Sanluis Puts Brakes on Bond
Mexican vehicle parts manufacturer Sanluis has postponed plans to raise funds in the international bond market, according to people following the 2022 NC5 bond transaction. After widening the yield target to 10%-area from initial high 9% talk, the issuer was heard generating close to $200m in orders. “The company decided to postpone due to the market not meeting its pricing expectations,” says a person familiar with the transaction. The issuer is heard satisfied with explaining its story and its improvement in credit metrics following a 2011 debt restructuring, and could consider another DCM attempt. Sanluis was looking to raise $200m-$250m in order to refinance debt. Bank of America Merrill Lynch and JPMorgan were managing the Ba3/B/B+ transaction.

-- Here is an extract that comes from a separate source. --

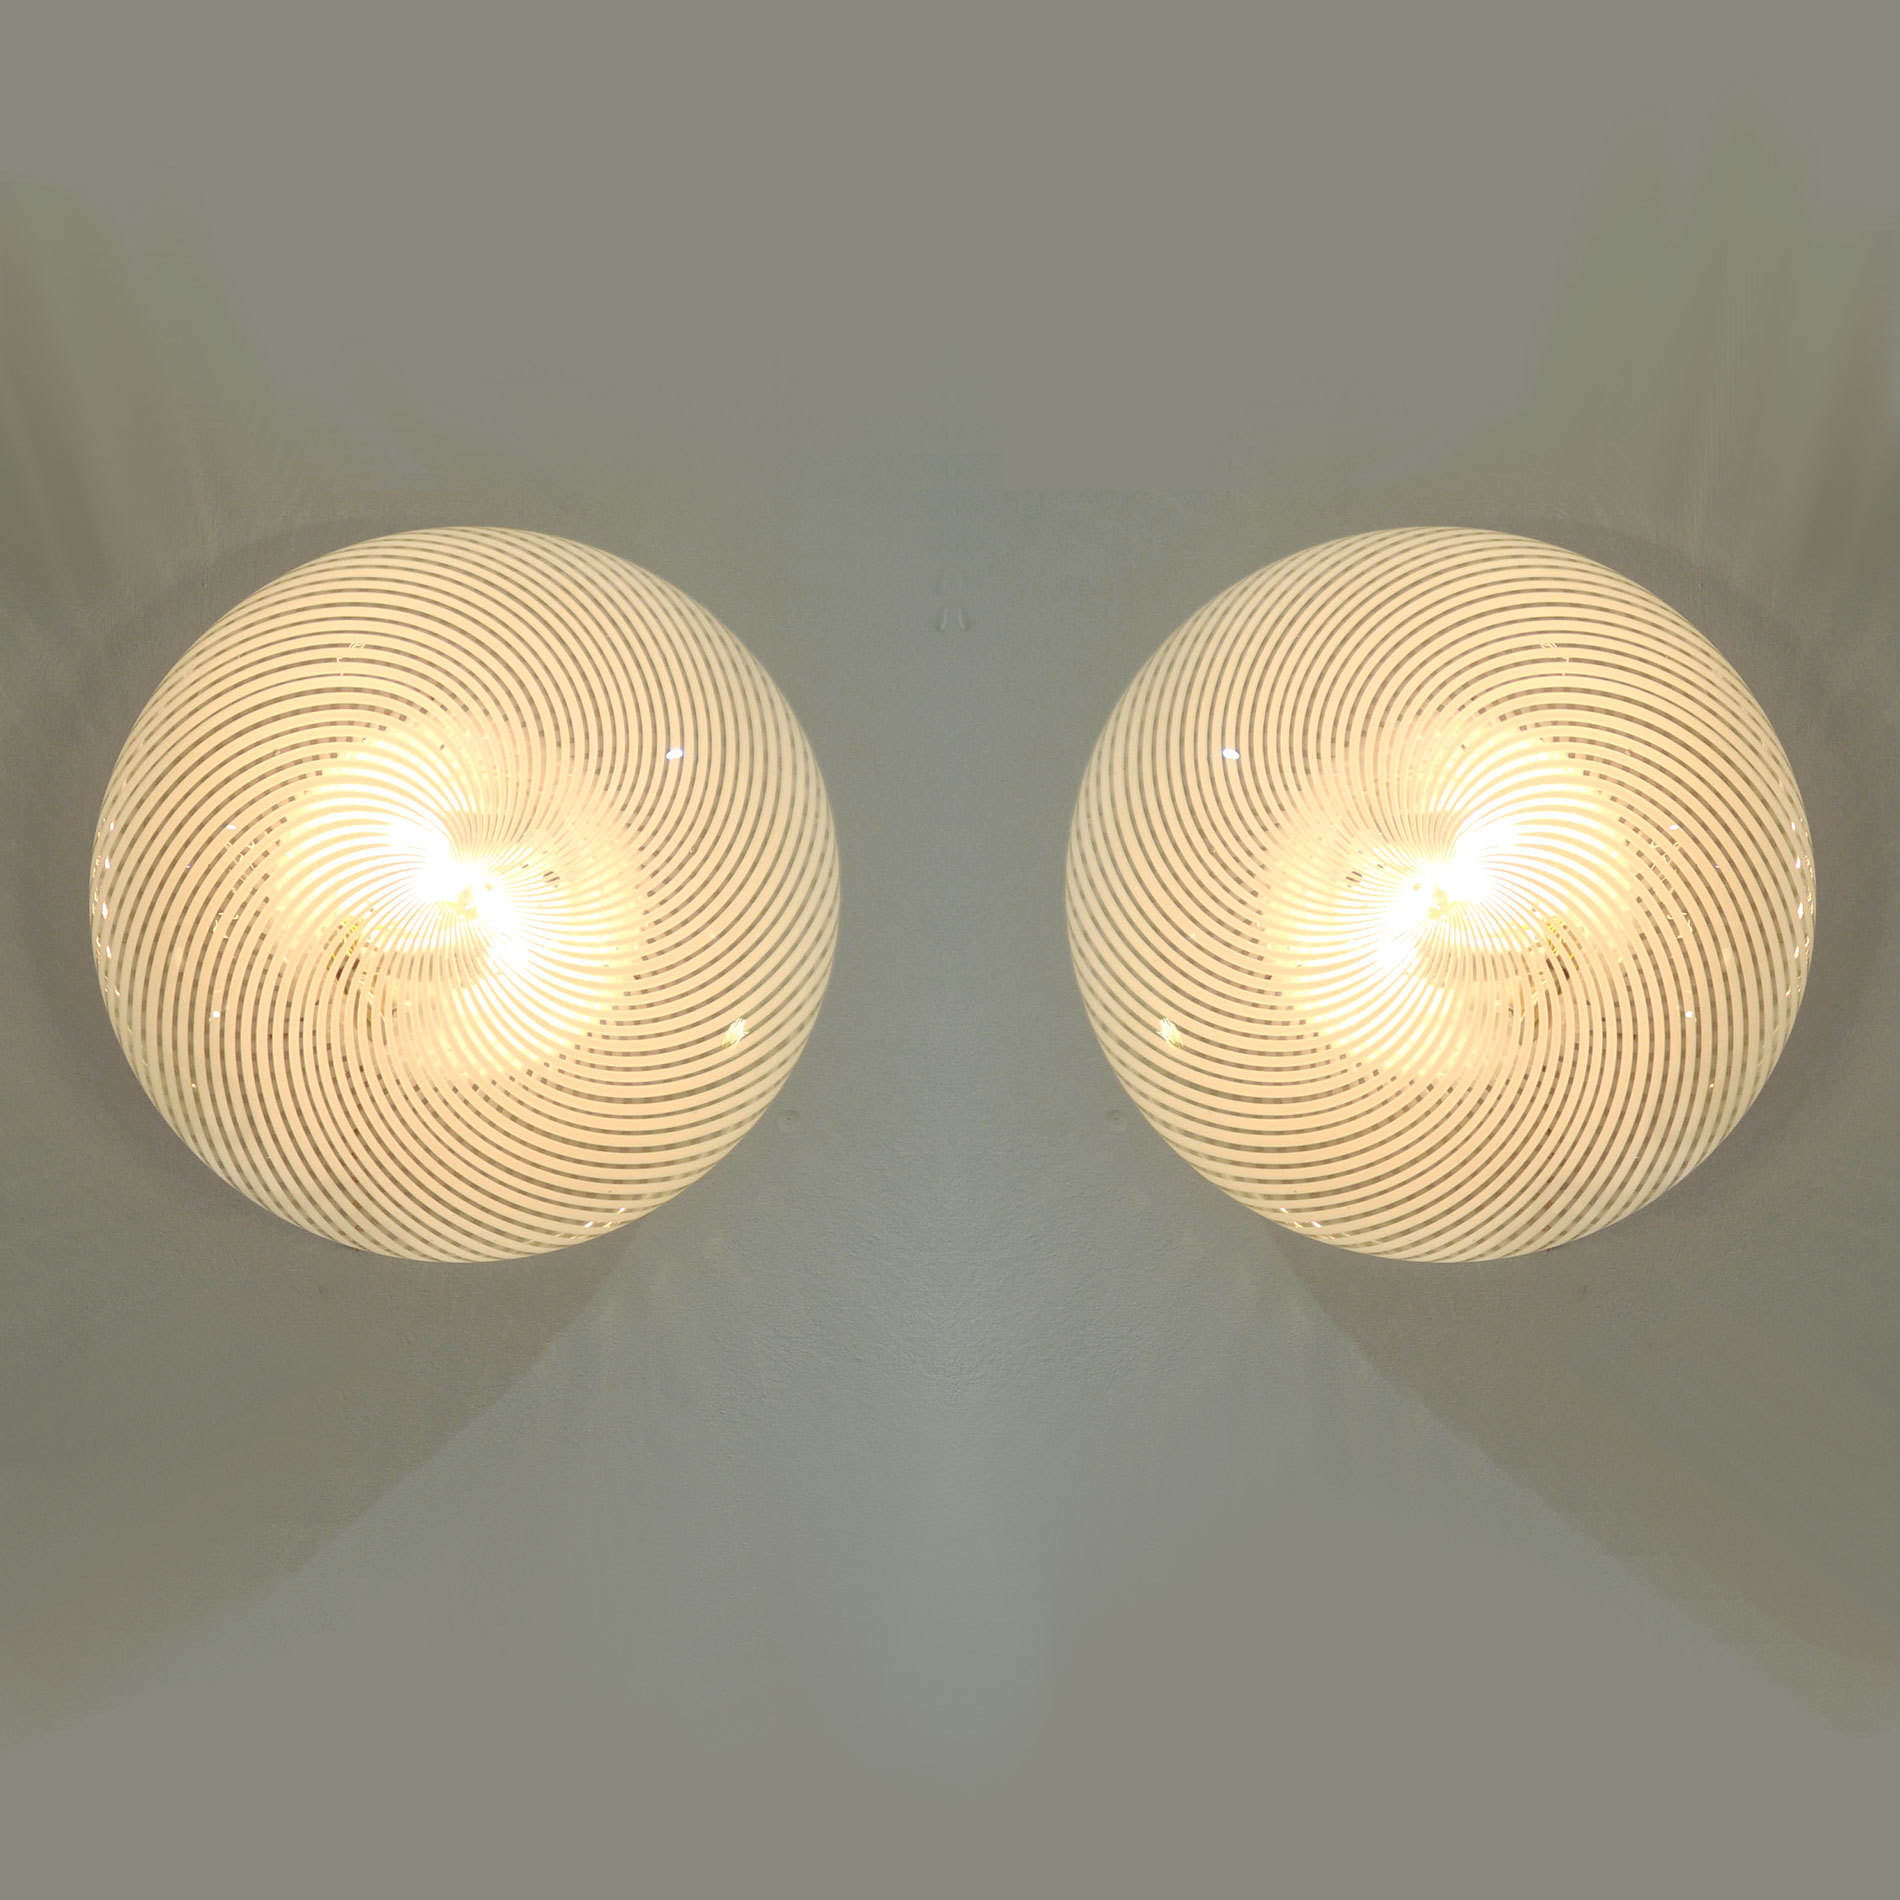 Pair Swirl Circular Wall Lights 01

Telefonica Chile Talks Price
Telefonica Chile is aiming for UST+250bp-area pricing on a new 2022 bond after tightening from UST+275bp-area initial price thoughts Wednesday. The unit of Spain’s Telefonica is planning a $500m issuance, according to Fitch, which assigns a BBB+ rating. Proceeds are destined to refinance upcoming maturities of 2013 and 2014, and also working capital needs and capital expenditures. “Outside of banking there is a shortage of Chilean paper,” says an investor following the trade. Another looking at the deal finds the 250bp level to represent fair value. Fitch notes a solid financial profile and strong operating cash flow generation, while also taking into account a strong competitive environment, low regulatory risk, weaknesses in local traffic and a policy of returning cash to shareholders. The telecom wrapped up investor meetings on Wednesday in Boston, Lima and Los Angeles. BBVA, Citi and JPMorgan are managing the process. Telefonica Chile is rated BBB/BBB+.
Agricultural Fund Raises Tight Local Bond
Fondo Especial para Financiamentos Agropecuarios (FEFA) has sold a MXP3bn ($233m) bond in Mexico’s domestic market, according to sources familiar with the sale. The 2015 notes priced at TIIE+20bp, tight to TIIE+25bp expectations that were based on the issuer getting that level on a similar deal earlier this year. FEFA saw 3.5 x demand, coming from 93 accounts, according to a source familiar with the sale. Proceeds will be used to fund operations. Banamex, BBVA Bancomer and HSBC managed the transaction rated AAA on a national scale. FEFA is a trust operated by second-tier development bank Fideicomisos Instituidos en Relacion con la Agricultura (FIRA). Established in 1954 by Mexico’s federal government, FIRA offers credit and guarantees among other services to livestock, fishing, forestry and agribusiness sectors in Mexico.